Nouvelles cabines en 2022. Les négociateurs sont parvenus à un accord, mercredi 10 décembre au soir, sur la révision de la directive sur les poids et dimensions. La mesure phare qui consiste à autoriser la modification du design de la cabine des camions pour garantir un gain en termes d'émissions de CO2 (profilage aérodynamique) et de sécurité routière (« nez » arrondi et souple) ne sera véritablement applicable qu'aux alentours de 2022. Les négociateurs se sont entendus pour que ces dispositions, non obligatoires de surcroît, entrent en vigueur trois ans après une harmonisation technique qui doit encore être proposée par la Commission européenne (probablement sous forme d'une directive, traitée en codécision). Le Parlement aurait voulu qu'une nouvelle cabine fût disponible dès la transposition de la directive révisée (dans deux ans, soit en 2017), alors que le Conseil, sous l'influence des pays constructeurs de camions comme l'Allemagne, la Suède, la France ou la Roumanie, souhaitait reporter l'introduction sur le marché cinq ans après la transposition.

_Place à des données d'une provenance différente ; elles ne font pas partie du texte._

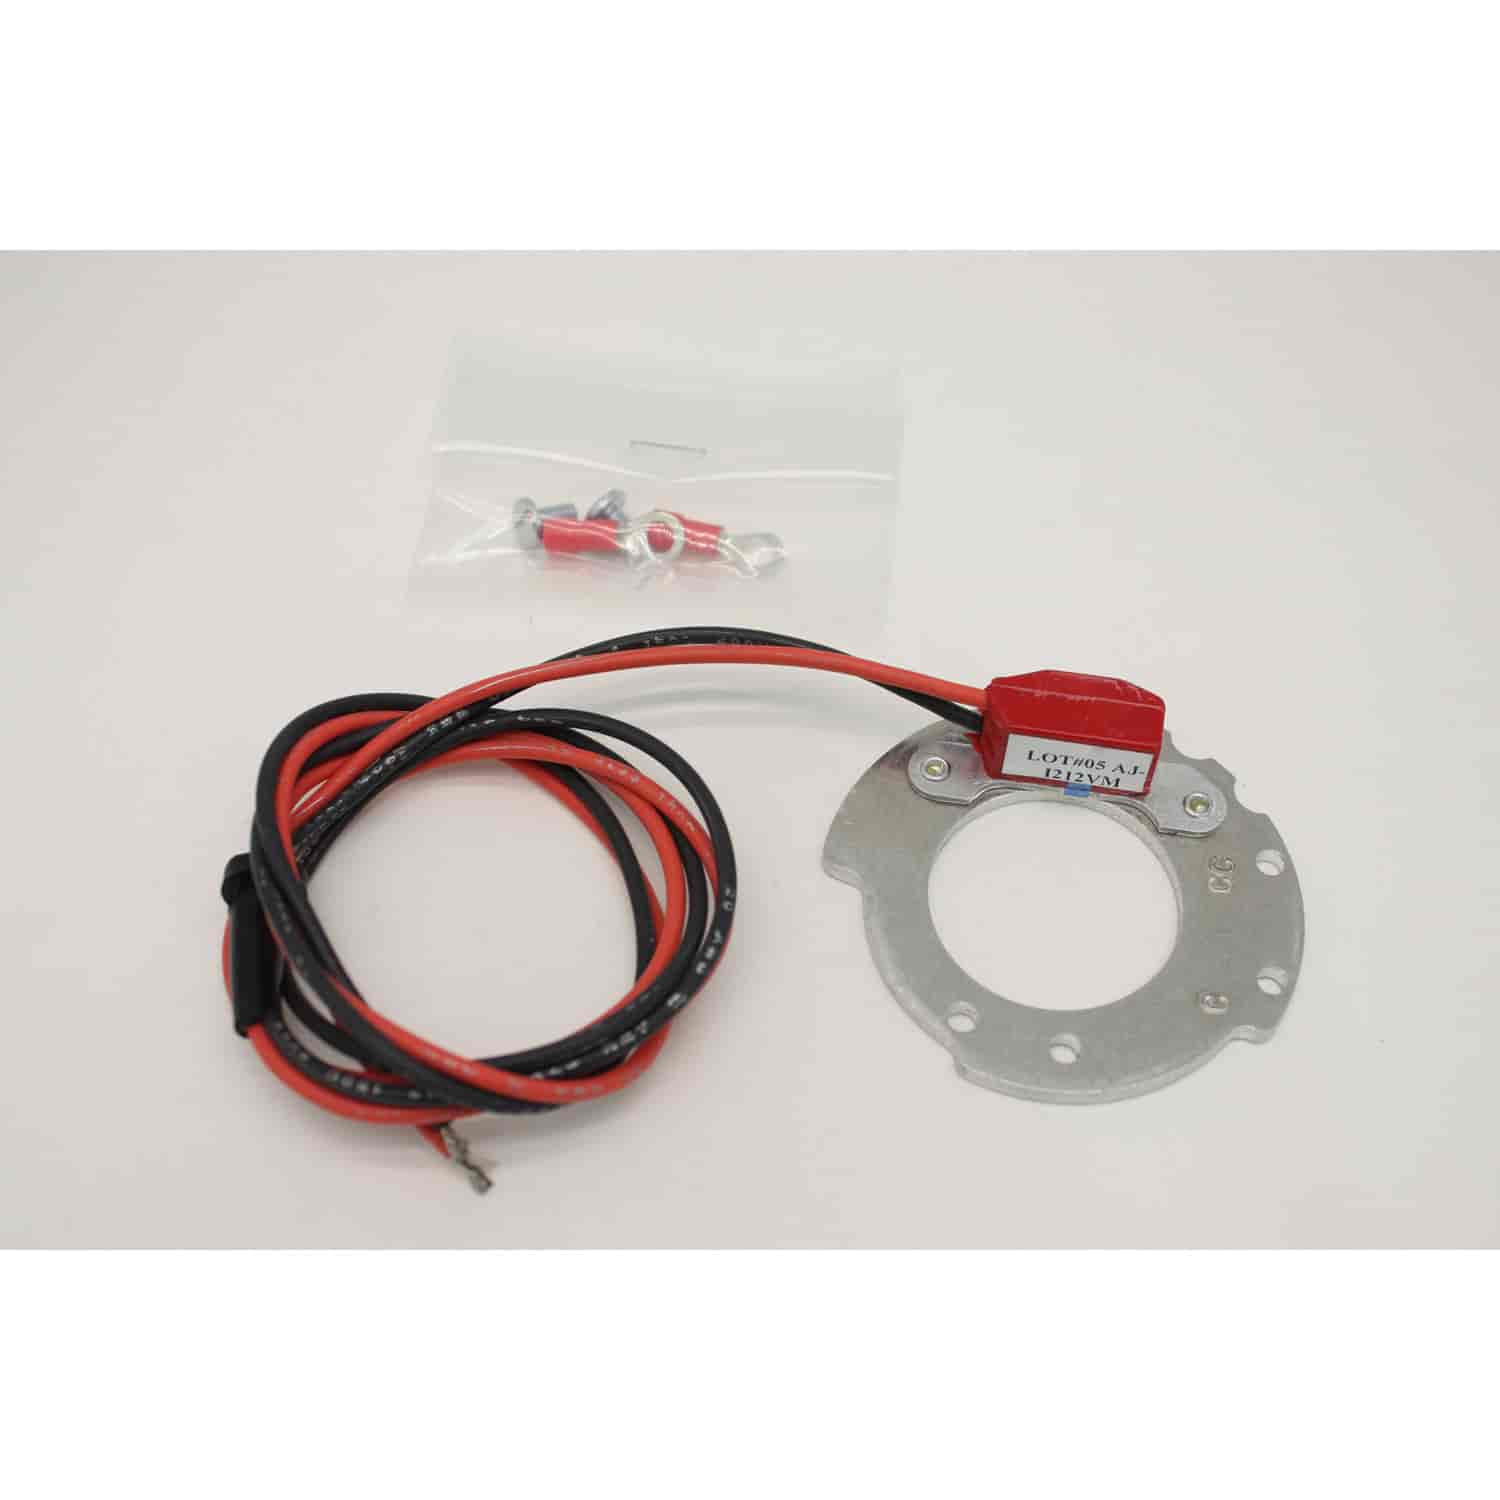 Module replacement for 1244A Ignitor Kit

Révision en 2020. Si, en début de processus législatif, l'autorisation du trafic transfrontalier de méga-camions monopolisait le débat, les négociateurs ont évité l'écueil en introduisant une clause de révision de la directive en 2020 environ (trois ans après la transposition). Le Parlement européen suggérait pourtant à la Commission de présenter un rapport et une étude d'impact.
Le compromis préalable prévoit en outre l'installation d'un système de senseurs de poids sur les nouveaux modèles de camions, ainsi que des volets arrière pour gagner aussi en aérodynamisme. La définition révisée du transport combiné introduite dans cette directive par la Commission européenne n'a pas été conservée (EUROPE 11214).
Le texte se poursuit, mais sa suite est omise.